Trump Admin Modeling Predicts Daily Coronavirus Deaths Nearly Doubling to 3,000 Despite President Urging Reopening of Economy

Modeling from the Centers for Disease Control and Prevention (CDC) projecting the spread of the novel coronavirus predicts that nationwide daily new cases of COVID-19 and deaths caused by the virus will continue to surge into June, despite the president urging for the economy to reopen.

A report compiled by Federal Emergency Management Administration (FEMA) using data from the CDC, which was first reported by The New York Times, showed that daily deaths from COVID-19 will nearly double from the current daily level of about 1,750 to about 3,000 by June 1. Additionally, the number of new daily confirmed infections from the novel virus will surge by 700 percent by the end of May, growing from the current level of about 25,000 to about 200,000.

Meanwhile, President Donald Trump has urged the country to begin reopening the economy. Local leaders across the nation have begun allowing some businesses shuttered by stay-at-home orders to reopen, while some states have allowed their social distancing measures to expire.

White House Coronavirus task force
Dr. Anthony Fauci, director of the National Institute of Allergy and Infectious Diseases speaks next to White House coronavirus response coordinator Deborah Birx, during a meeting with President Donald Trump and Louisiana Governor John Bel Edwards in the White House in Washington, D.C. on April 29 MANDEL NGAN/AFP/Getty

"There remains a large number of counties whose burden continues to grow or are in an elevated incidence plateau, including in the Great Lakes region, parts of the Southeast, Northeast, and around southern California," the CDC/FEMA report said in a note included next to a map of the U.S., which highlighted hotspot areas for the novel coronavirus.

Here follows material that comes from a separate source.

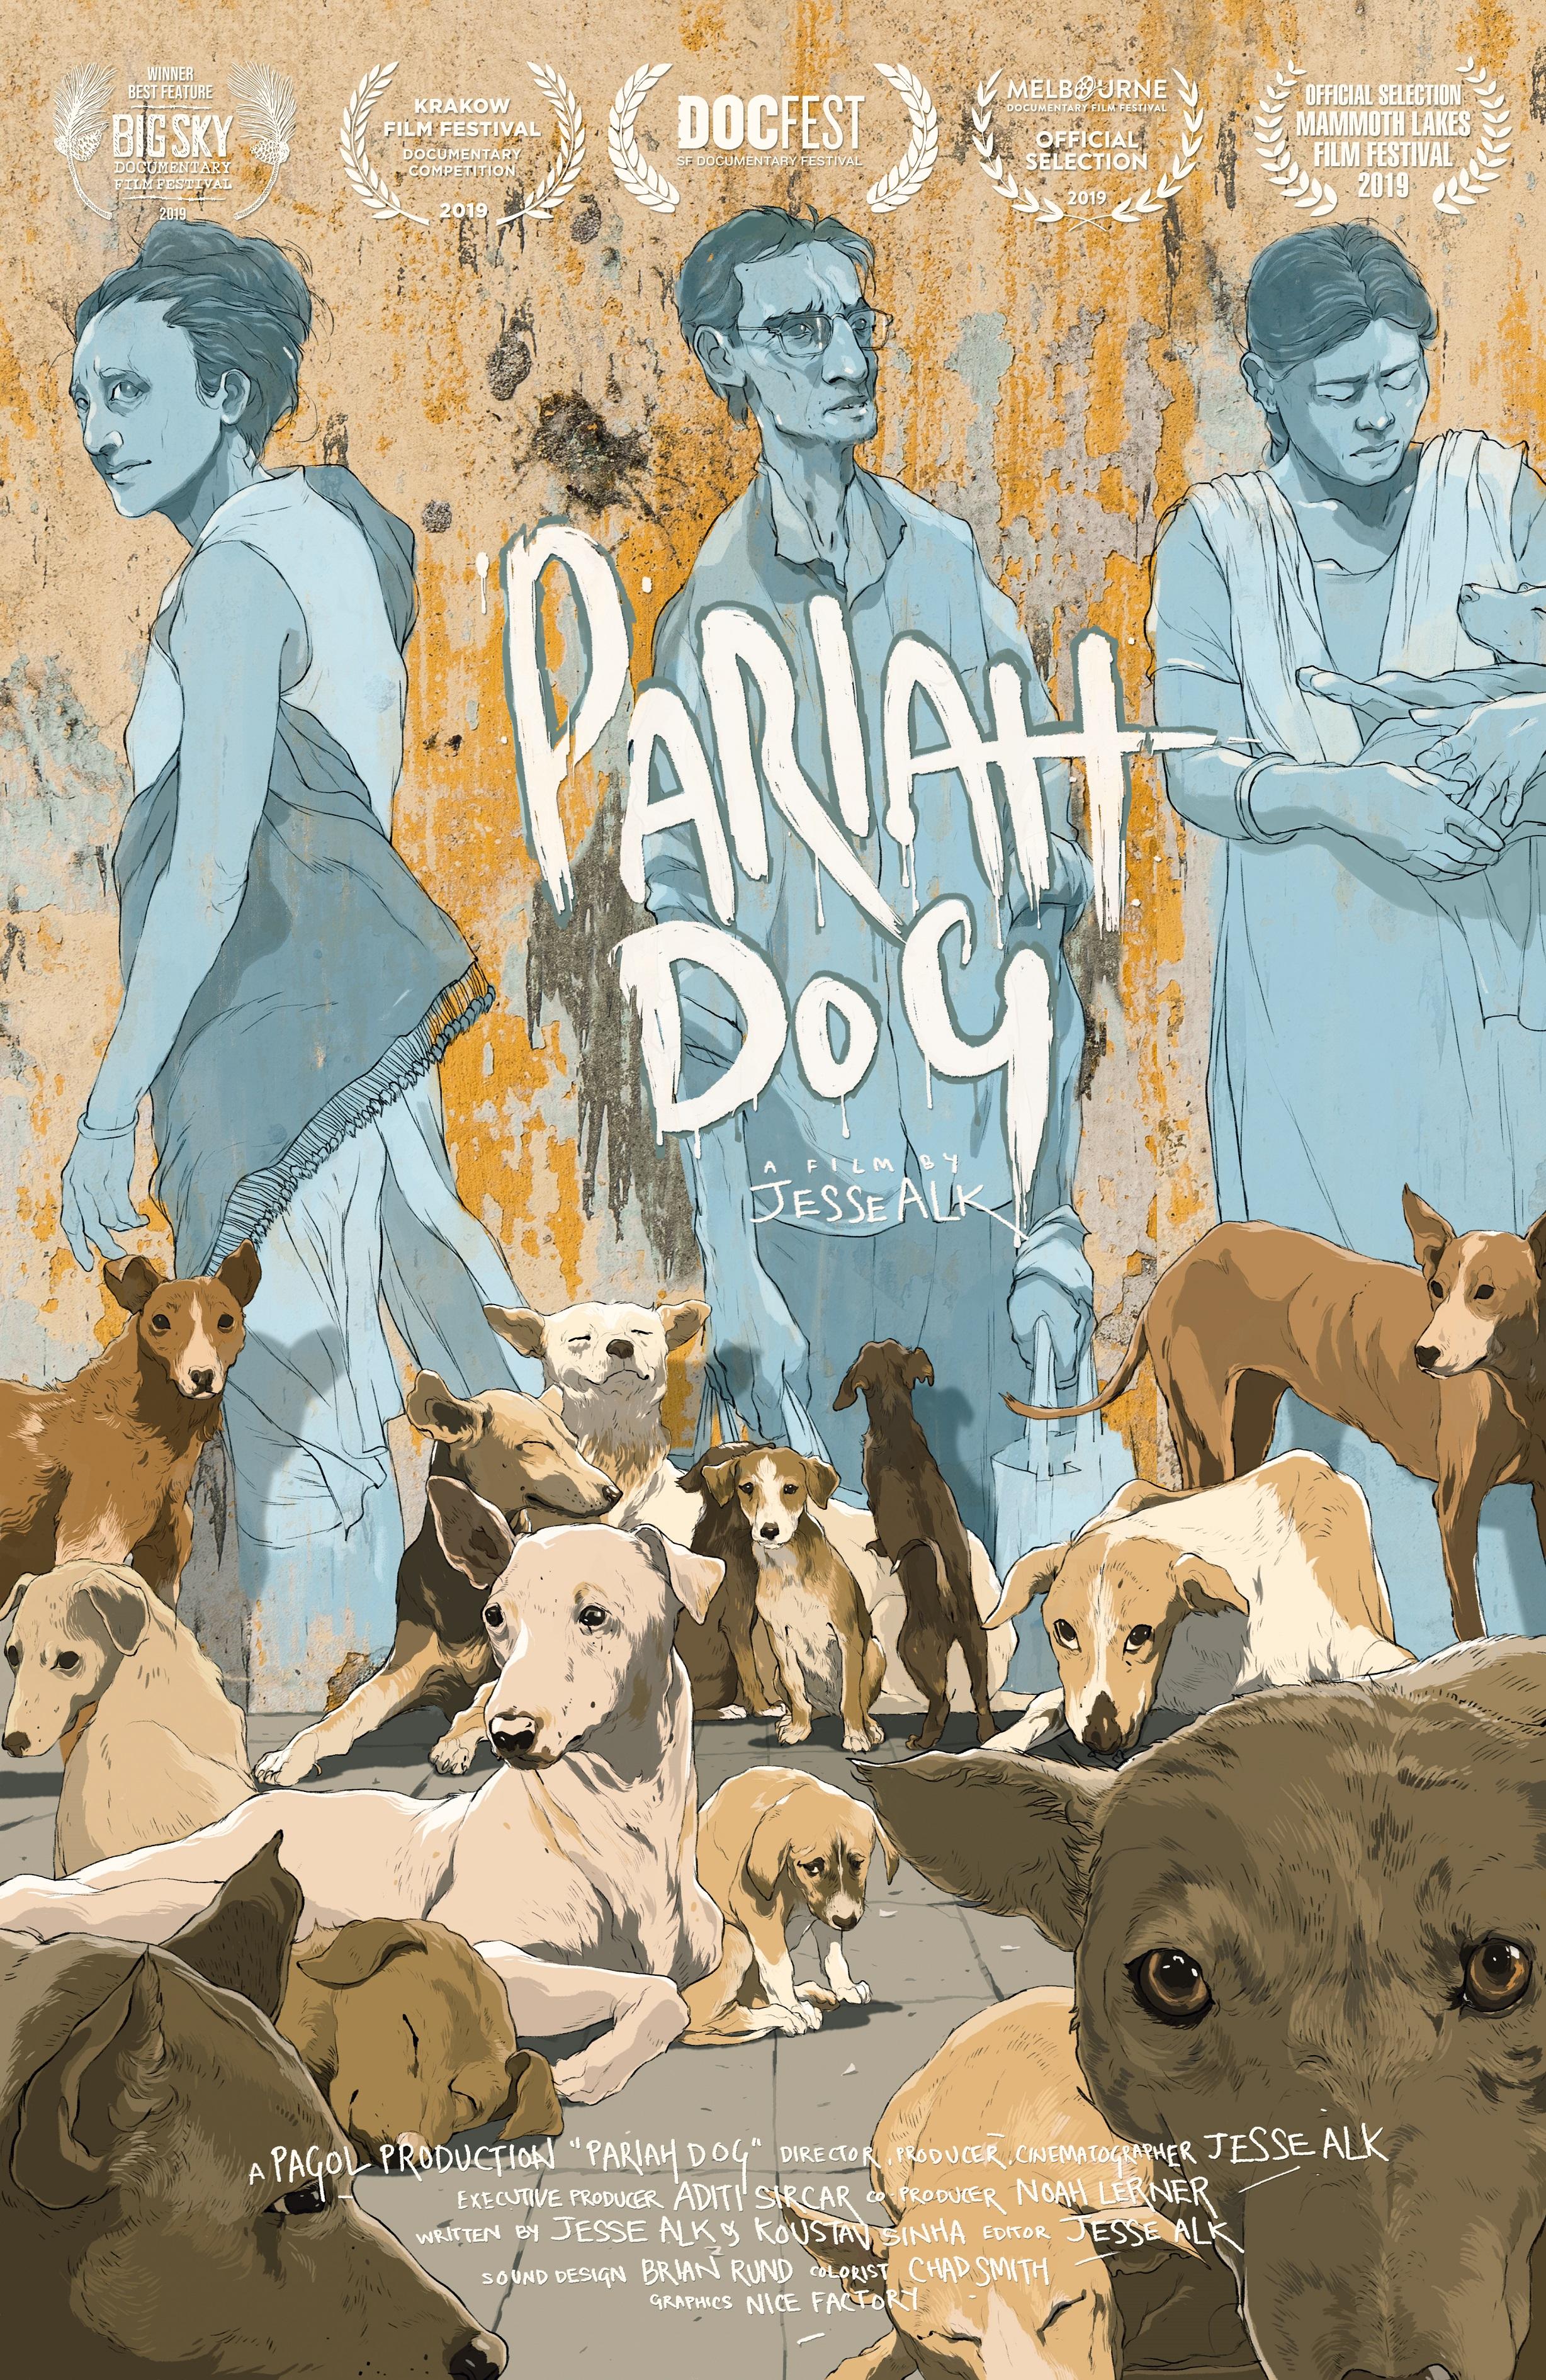 Pariah Dog

In a statement emailed to Newsweek, White House Deputy Press Secretary Judd Deere said that the Coronavirus Task Force had not reviewed the report.

"This is not a White House document nor has it been presented to the Coronavirus Task Force or gone through interagency vetting. This data is not reflective of any of the modeling done by the task force or data that the task force has analyzed. The President's phased guidelines to open up America again are a scientific driven approach that the top health and infectious disease experts in the federal government agreed with," Deere said. "The health of the American people remains President Trump's top priority and that will continue as we monitor the efforts by states to ease restrictions."

Health experts have urged caution as states have begun allowing some business to reopen and the federal government has allowed its stringent social distancing guidelines to expire. The White House has said governors are responsible for the lockdown measures within their states, suggesting that the federal guidelines were no longer necessary.

Although Trump has pushed for the economy to reopen, declaring "we're opening our country again," other government health officials have expressed concern that the virus will continue to spread.

"It's going to take a long time for us to really wrestle this one down," Anne Schuchat, the deputy director of the CDC, said during a brief online conversation with a medical journal last week, Politico reported. "The extent to which this [disease] is challenging, it's hard to overstate."

Dr. Anthony Fauci, director of the National Institute of Allergy and Infectious Diseases, also noted in an interview with PBS last week that there was "no doubt" that the number of new cases of COVID-19 would increase as the country moved to reopen. However, he asserted that if adequate testing, contact tracing and other measures were in place, the number could be kept to a minimum.

"As you try and relax mitigation, if we have the capability of identifying, isolating and contact tracing in a highly effective and efficient way, then the numbers will stay low," he said.

Meanwhile, polling has shown that most Americans are concerned about returning to normal life too soon. A poll conducted from April 21 to 26 by NPR, PBS and Marist showed that 65 percent of respondents believed it was a "bad idea" for people to return to work without adequate testing. Additionally, 80 percent said it was unwise to allow restaurants to reopen for dine-in service.

As of Monday morning, the U.S. had more than 1.16 million confirmed cases of the novel coronavirus, according to a tracker by Johns Hopkins University. Of those infected, more than 180,000 have already recovered while nearly 68,000 have died.

This article has been updated with a statement from White House Deputy Press Secretary Judd Deere.